If you’re like me, this story leaves you with a lot of questions, not the least of which is
why Isaac didn’t make a run for it. I think he could have outran his 100-something-year-
old father. But he seems to simply comply with the request.

Thankfully, Hebrews 11 gives us some insight into what Abraham was thinking. Verse
19 tells us he reasoned that God was able to revive Isaac from the dead.
To my knowledge, no one had ever been revived from the dead before.
Now compare that to Romans 4 which tells us in verse 18 that when all human
reasoning for hope was gone, Abraham did not waver in unbelief but grew strong in faith
and held hope in God against hope in man.
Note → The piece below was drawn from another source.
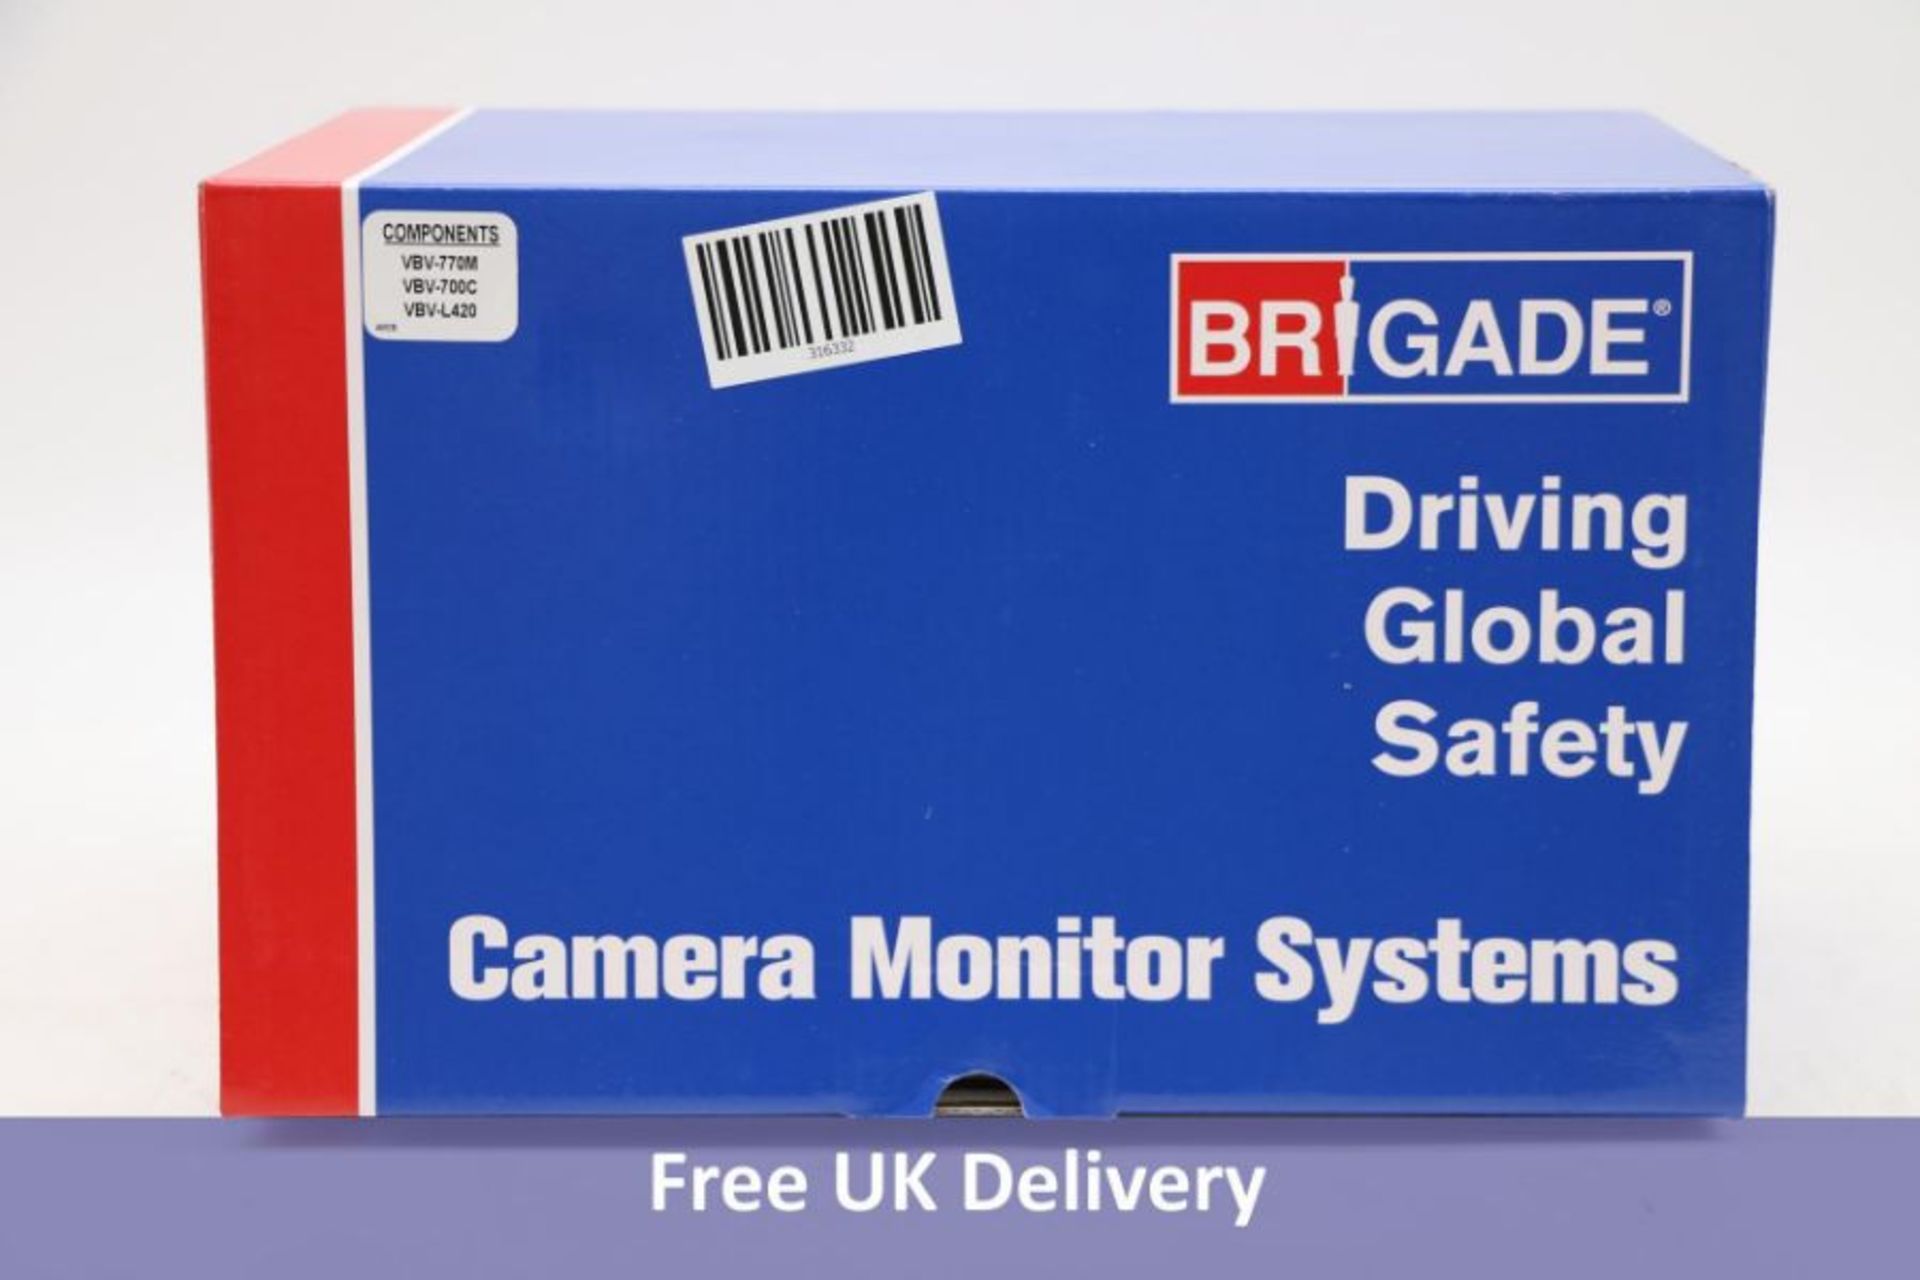 Brigade Single Select Camera Monitor System For Rigid Vehicles, VBV-770-000-4692B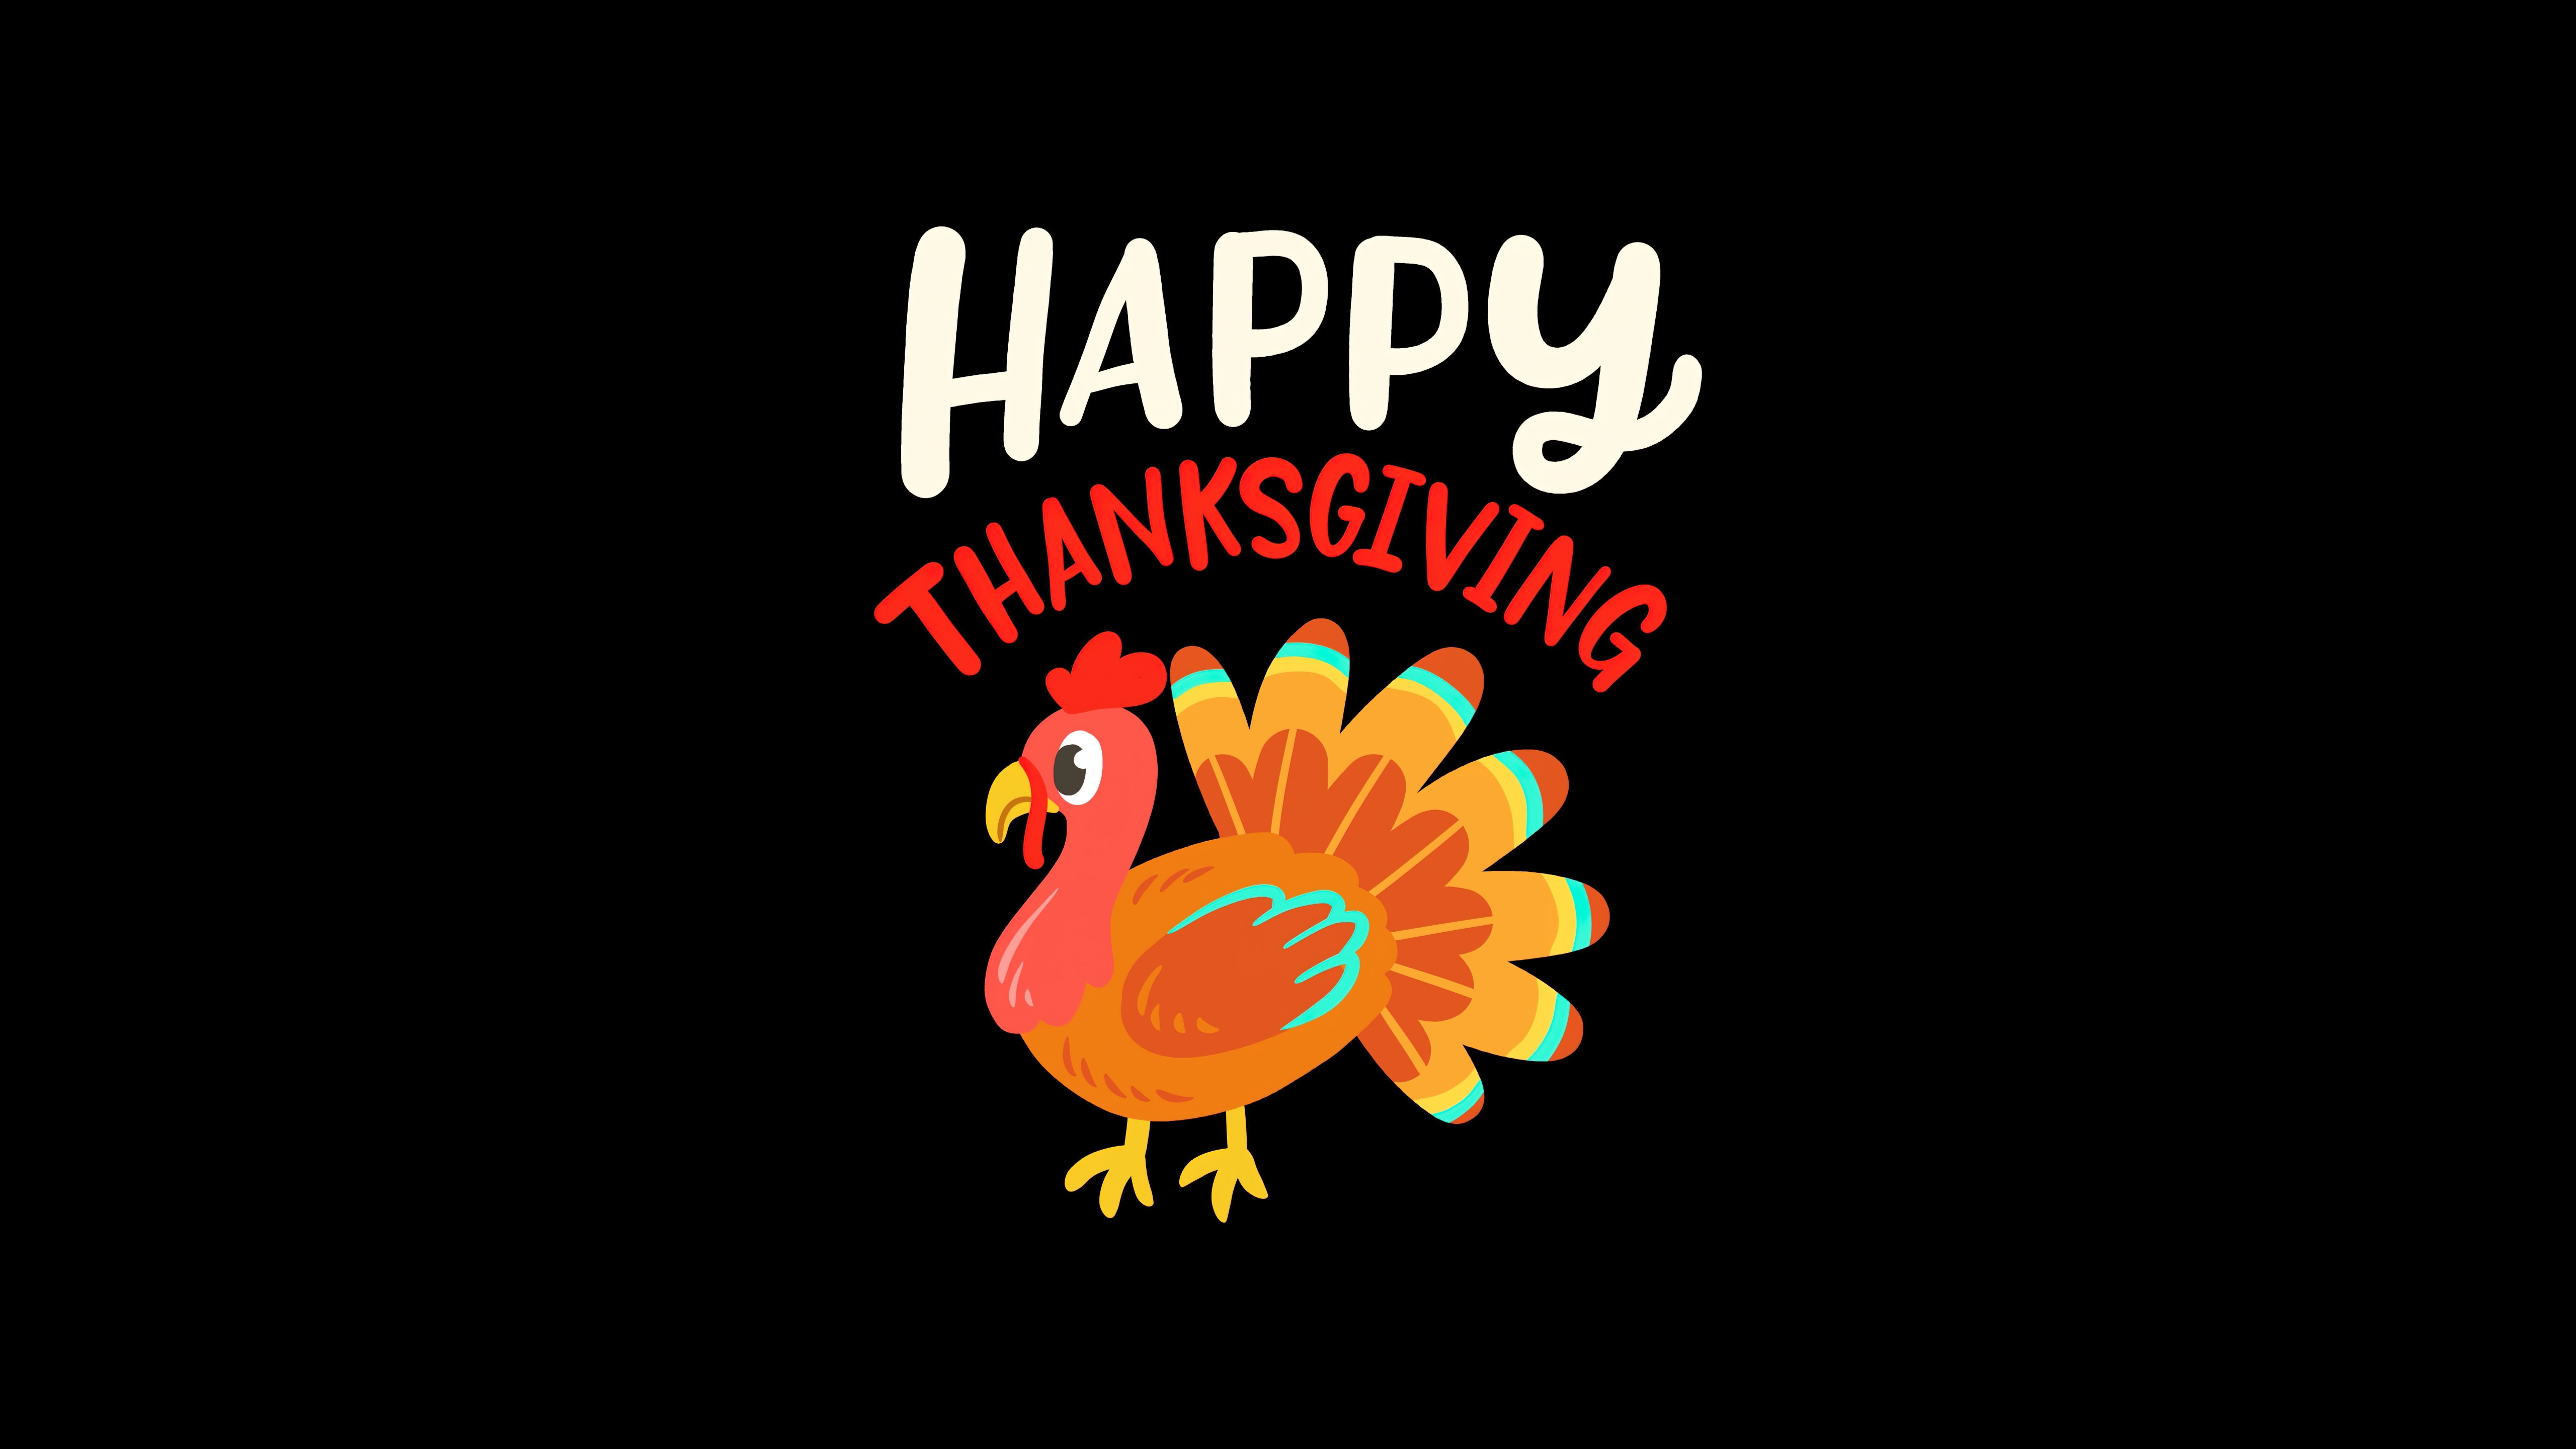 HD wallpaper, Black Background, Thanksgiving Day, Amoled, 5K, Happy Thanksgiving

Hope against hope.

Giving God the Glory, he was fully assured that what God promised, He was able to
perform.
This faith was credited not only to him, but also to all who would come after him in the
family of faith, who believed that God would and did raise Jesus our Lord from the dead.
It is because of His resurrection that we have hope.
Continuing in Romans 5, by this faith we are justified and given a right standing with
God. Because God introduced to His Grace, we stand and rejoice in the hope of Glory.
This is a prized and satisfying hope because it is based on the significant and weighty
dignity of God Himself.
God is the only one who has intrinsic, eternal, self-existent dignity.
We rejoice because Go has promised that He will make us dignified as well in the
ultimate completion of our justification which the bible calls our glorification.

What do we learn from Abraham?
1. There are no shortcuts. Hope is the result of a long, persistent journey that
comes from the character God develops in the process of enduring hard things.
Suffering produces endurance. Endurance produces character. And if we have the
courage to not give up too soon, character produces unshakable and satisfying hope
that will not disappoint but instead will make sense of what we are being asked to suffer.
2. Nothing is too difficult for the Lord and He will provide.
3. There is hope for future glory.
As a child of God, He puts in our hearts a desire to glorify Him. To worship Him.
Nothing else will satisfy.

We get glimpses of this Glory that whet our appetite for what is to come.
Consider the sunrise and sunset, the scent of the most beautiful flower, listening to the
melodious sonnet of birds singing in the coolness of the morning, the satisfaction of a
job well done, the thrill of winning a hard-fought contest, and the pride you feel when
your child succeeds at what they are gifted to do.

All of these are but a taste of what God has in store for His children when Christ returns.
Then we will not only see the Glory of God, but we will also bask in it.
God’s Glory will shine brilliantly all around us and through us, much like it was in the
Garden of Eden. Except we will be incapable of messing it up with sin.

1 Corinthians 15 tells us the reason for this hope is the resurrection.
Without the resurrection, there is no faith and there is no hope.
If our eager expectation is only for this life, we are to be pitied.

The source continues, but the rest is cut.